Knowing all the previously discussed pressure on the healthcare systems in Italy and Spain, Italy and Spain are expected to lose more than 20,000 and 14,500 patients, respectively. While France is expected to lose about 5,000 patients, which is again between the middle range and the worst scenario (3,237–11,025) that were reported by Massonnaud et al [5]. However, if the healthcare systems in Italy and Spain collapse, then nobody can expect what will happen or even predict how the people in the countries would behave.
Based on the cumulative number of confirmed cases in the three countries, France was the fastest to react to the epidemic, as it reacted before their daily new confirmed cases hit the 1,000 cases mark, which we believe to be very critical in the progression of the transmission. Therefore, it would be the least impacted among the three. France reaction was not as fast as China, France had more than 3,500 confirmed cases when reacted whereas China had only 574 confirmed cases and had very limited information about COVID-19, compared to the rest of the world now. Nevertheless, we believe that China had more than that number at that time, but they have just started tracing and testing suspected cases which was then translated into a surge in the number of newly confirmed cases, which we took into consideration when extrapolating the curve.
With the limited evidence about the appropriate timing and duration for implementing any of the suppression strategies [13]. it was not easy for the decision makers in France, Italy, and Spain to decide when should they initiate any of these strategies, and for how long it should remain in place.
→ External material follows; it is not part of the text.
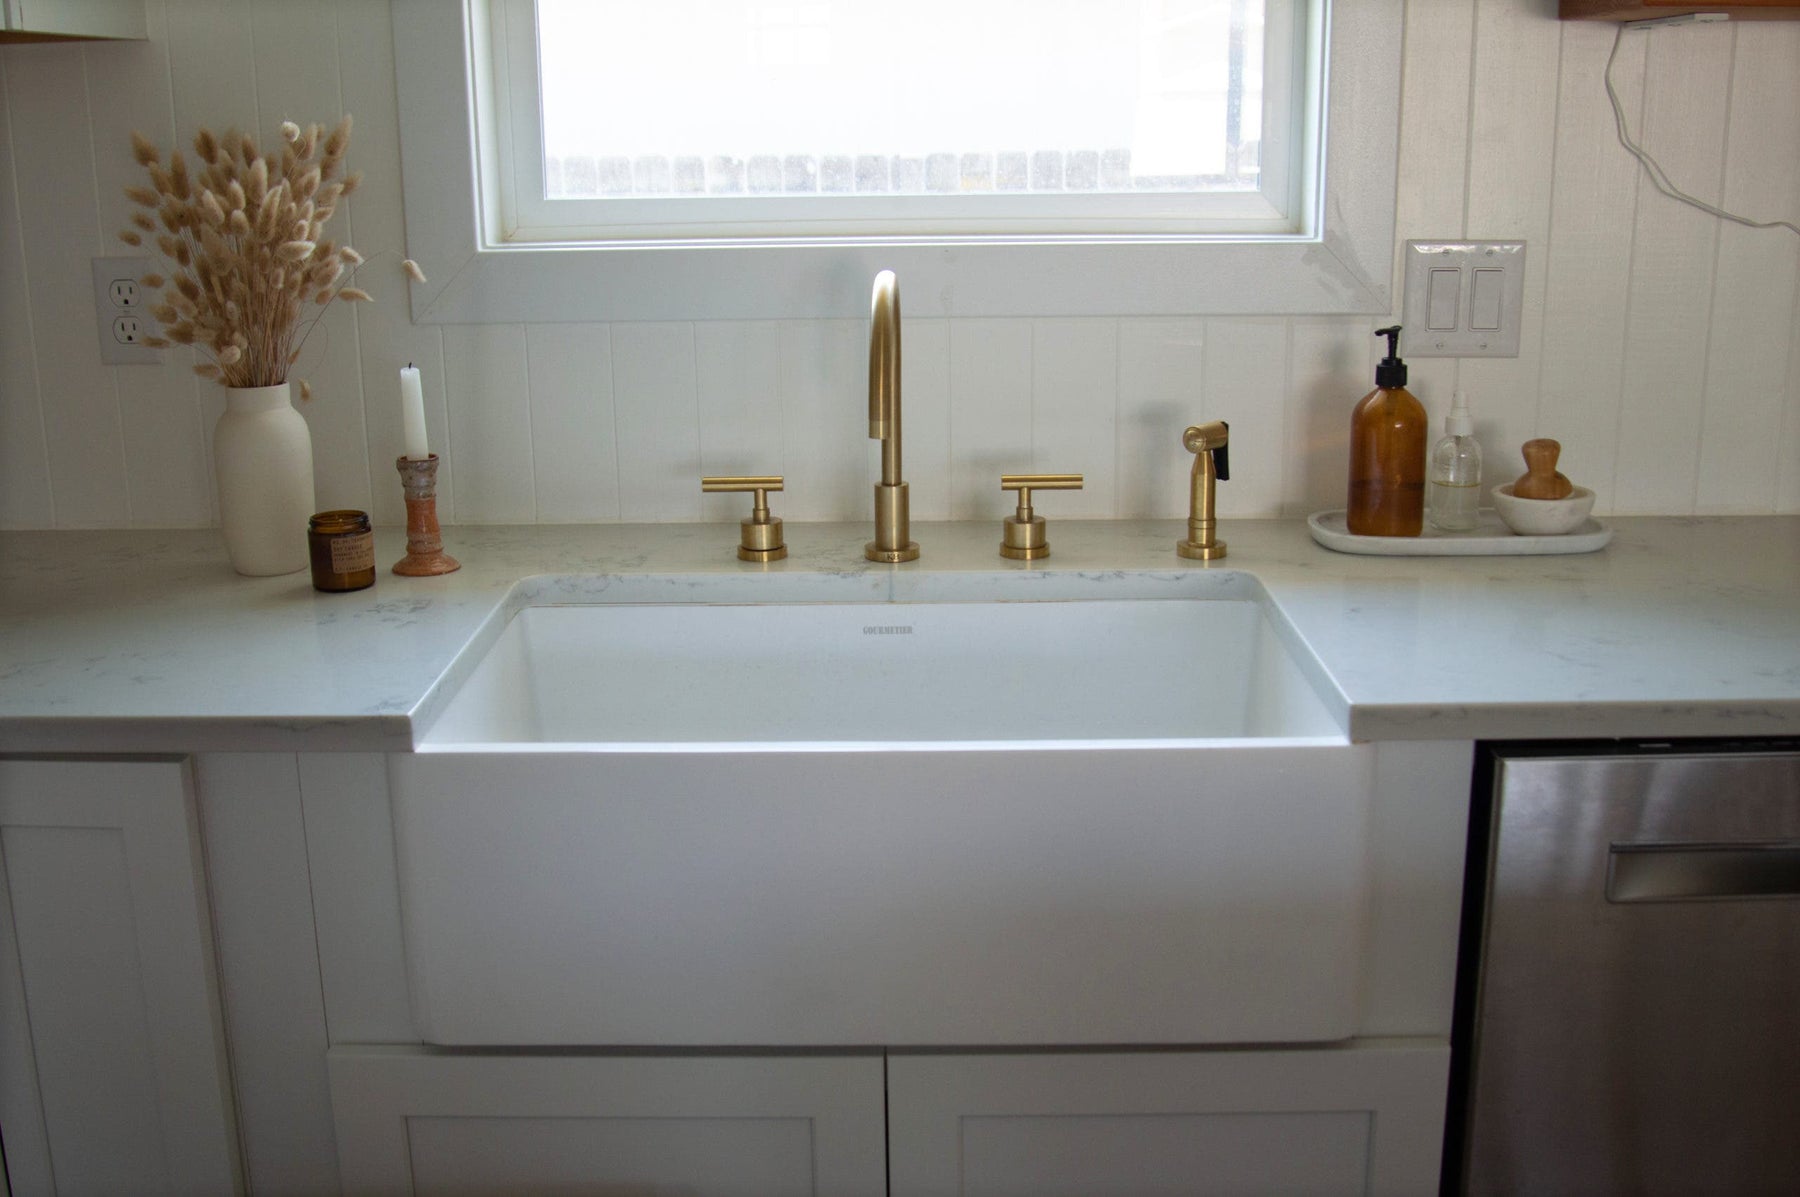 Everything You Should Know about Farmhouse Sinks

Moreover, this difference in timing for implementing different suppression strategies was one of the major reasons behind the variation in the number of current and expected cases of COVID-19 in these countries. Furthermore, the number of confirmed cases when initiating the suppression strategies have impacted our estimates, and we suggest that it should be taken into consideration when deciding to make such an action in the future. However, more research is needed to find when should different suppression strategies be initiated in similar situations, and for how long it should remain in place.
The study had some limitations, the use of visual extrapolation from one case to another is not statistically sophisticated, however our results for France were close to the middle range predictions in Massonnaud et al. study [5]. We were not able to determine if the change in the reproduction rate (Ro) for the infection as a result for the suppression strategies would be as responsive in France, Italy, and Spain as it was in China, but there is no previous evidence to contradict that. Also, the use of a constant Ro throughout the study forecasting duration would be against the assumption that the suppression strategies would invert the Ro, therefore we do not believe a constant Ro should be used in such case. Moreover, the uncertainty around the disease itself and how it could impact different populations is another limitation that we have faced, but nothing is currently known about that, and it is an area for future research. Lastly, we do not know if people in the European nations would behave similar to the Chinese when the suppression strategies are implemented and kept in place for some time, and since there is no evidence against that we assumed that they would behave the same way.